First thing I noticed was that the big reality seemed smoother to face than the smaller “tremors” beneath my ‘feet’. There was much to plan, many people to get coordinated to fly out to California for a memorial service, and a lot of details to plan. With all this important stuff to deal with, what made me upset? The fact that I somehow misplaced or lost my cell phone charger. Where was it? It was jarring and dumb and difficult all at once! Facing the selling of Mom’s house we loved, dividing her belongings … I could be strong there, but dumb little things were magnified too much. I hardly knew me. Frustrated with myself, I talked to God a lot. He reminded me of another seismic shift … that of each of the disciples when their friend and Teacher, Jesus, was crucified and they were left behind. Shake and quake! The whole world around them changed in a moment. And there was a real earthquake with that event. His followers lost their connection for a time, did not know what to do.

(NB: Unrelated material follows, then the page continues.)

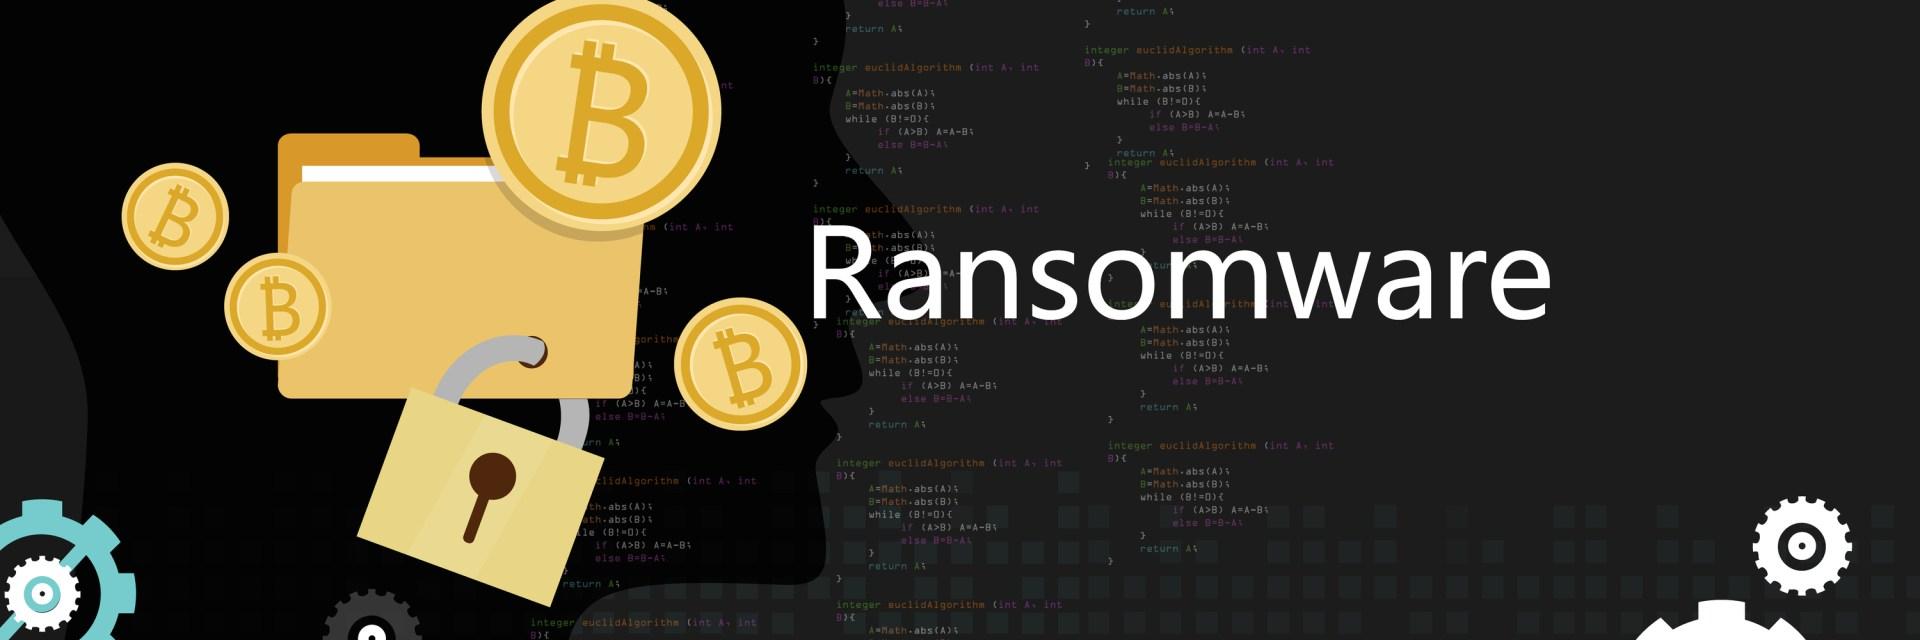 ransomware wannacry hacker malware concept of lock folder and ask money vector

To me, as I tried to organize my thoughts better, came the assurance that He had it all together for me … just trust Him, and know that when He took on human form for us all, He was familiar with human seismic shifts. Step by step, He tenderly led me through decisions, recovered my cell phone charger, and gave me tender times with family. Bless Him.

At my Bible time this AM, a week after I came home, I was found by Psalm 61:2-3: “when my heart is overwhelmed and fainting, lead me to the rock that is higher than I, for You have been a shelter and a refuge for me, and a strong tower against my adversary.”

Ahhh, into the shelter of the Lord to protect my agitated mind, and give me His peace. Just what I really needed all along.